The authors evaluated ES-Merging by merging three specialized models (Molecule, Protein, Cell) into a unified model and testing on diverse biological benchmarks.

Instance-Varying Interaction Prediction:
- Tasks: Molecule-Protein interaction (BindingDB, BioSNAP) and Molecule-Cell interaction (DrugComb, GDSC2).
- Result: ES-Merging outperformed all existing merging baselines (e.g., TIES-Merging, EMR-Merging) and even surpassed task-specific fine-tuned models (Avg.
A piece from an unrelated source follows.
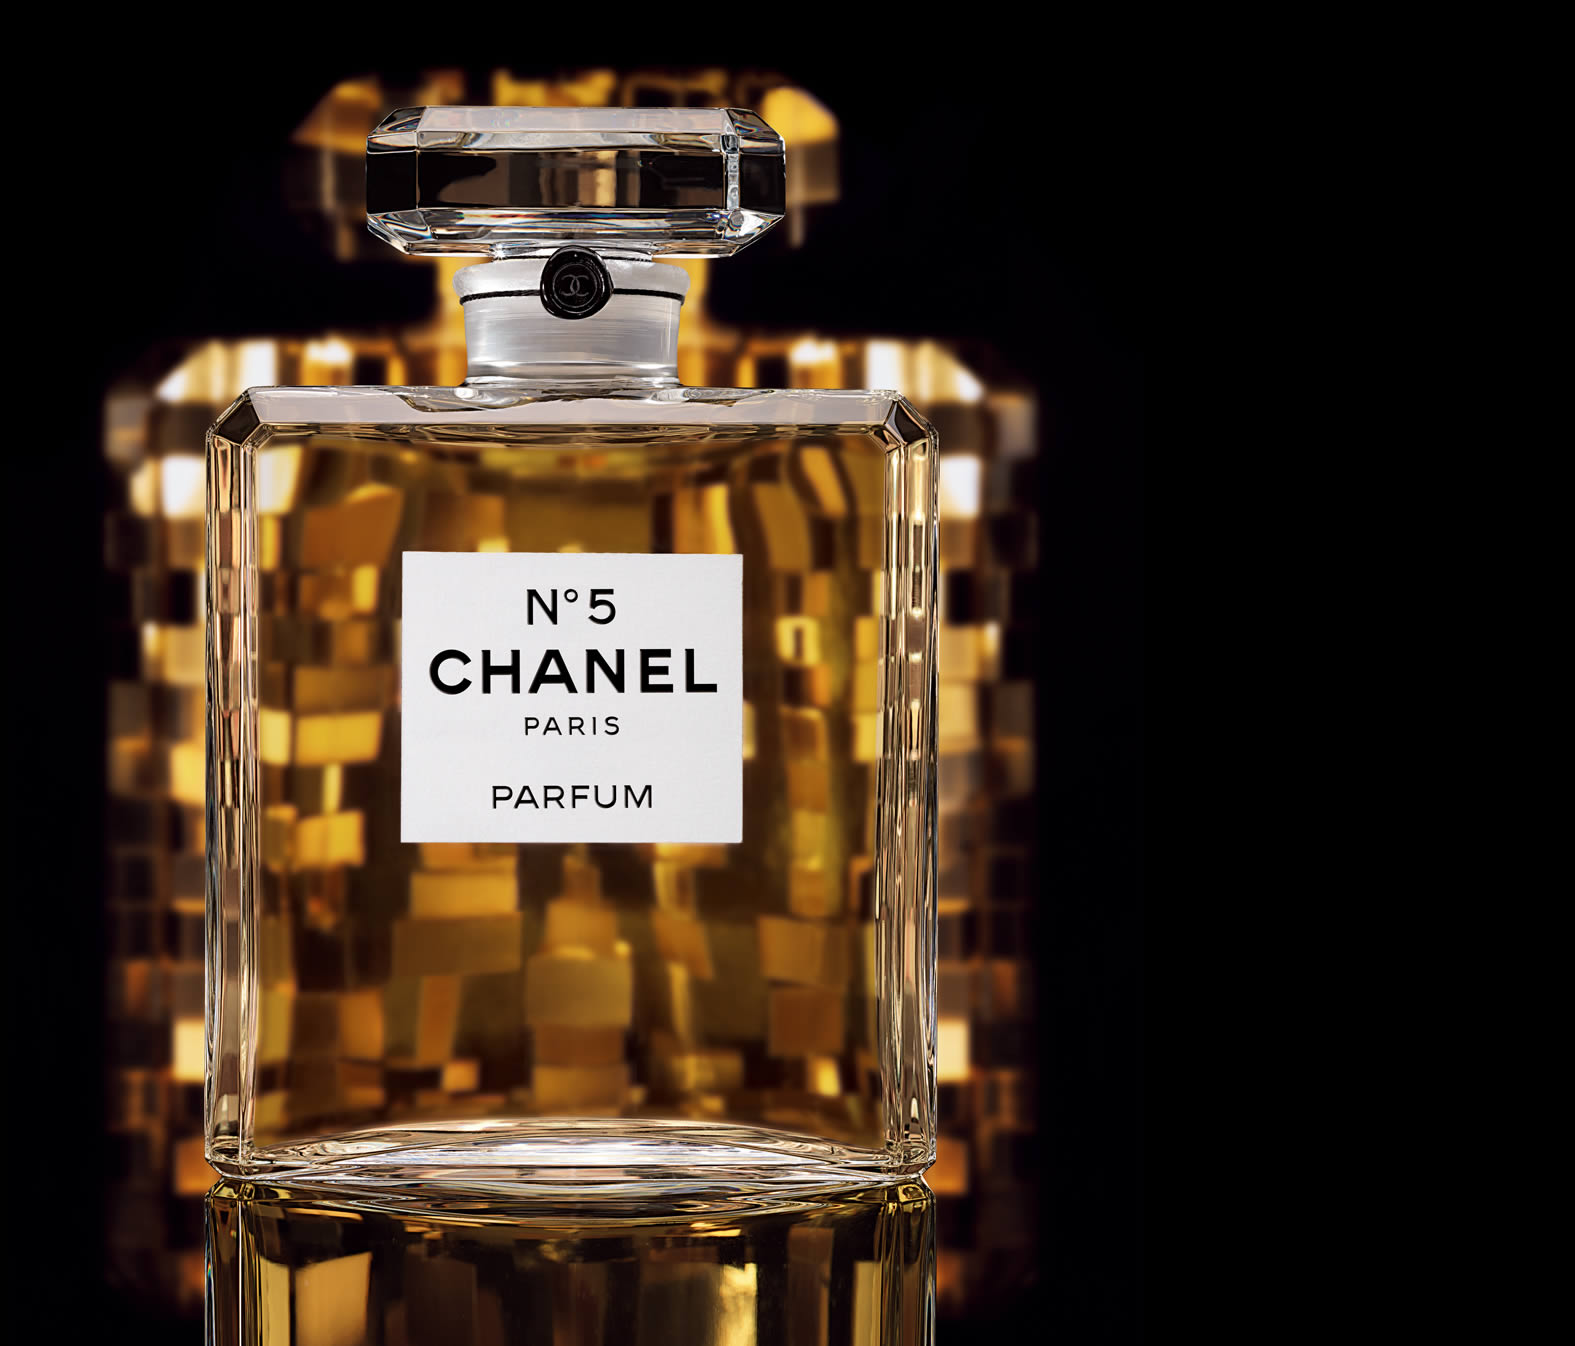 Chanel Paris New No. 5 Designer Perfumes 5pc. Lot

Merging + FT). This demonstrates that ES-Merging preserves the reasoning capabilities of experts better than fine-tuning, which often degrades cross-modal reasoning.
Target-Fixed Functionality Prediction:
- Tasks: CYP enzyme inhibition and substrate prediction.
- Result: ES-Merging achieved the best average performance, showing it can effectively integrate expert knowledge for specific biological functions without losing the structural understanding of the specialized models.
Ablation Studies:
- Combining both layer-wise and element-wise coefficients yielded the best results, confirming that integrating signals at different granularities is necessary for robust merging.
- Using only one type of coefficient still outperformed other merging baselines, validating the efficacy of embedding signals.
Computational Cost:
- ES-Merging is 3.4x to 6.1x more computationally efficient than test-time adaptation methods (like AdaMerging) and fine-tuning, as it avoids iterative gradient updates.

5. Significance

Scientific Discovery: ES-Merging provides a principled, efficient way to create unified biological foundation models capable of solving complex cross-modal problems (e.g., drug discovery) without the prohibitive cost of curating massive cross-modal instruction datasets.
Generalizability: While tested on biological modalities, the core principle—using input-aware embedding distributions to guide merging—is modality-agnostic and could be applied to other domains (e.g., vision-language, audio-text).
Interpretability: The method offers insights into where and how models specialize (via coefficient visualization), revealing that modality specialization is not uniform but concentrated in specific layers and parameter elements.

In conclusion, ES-Merging establishes that embedding space signals are a superior foundation for merging specialized MLLMs, enabling robust cross-modal knowledge composition that outperforms both traditional merging heuristics and expensive fine-tuning strategies.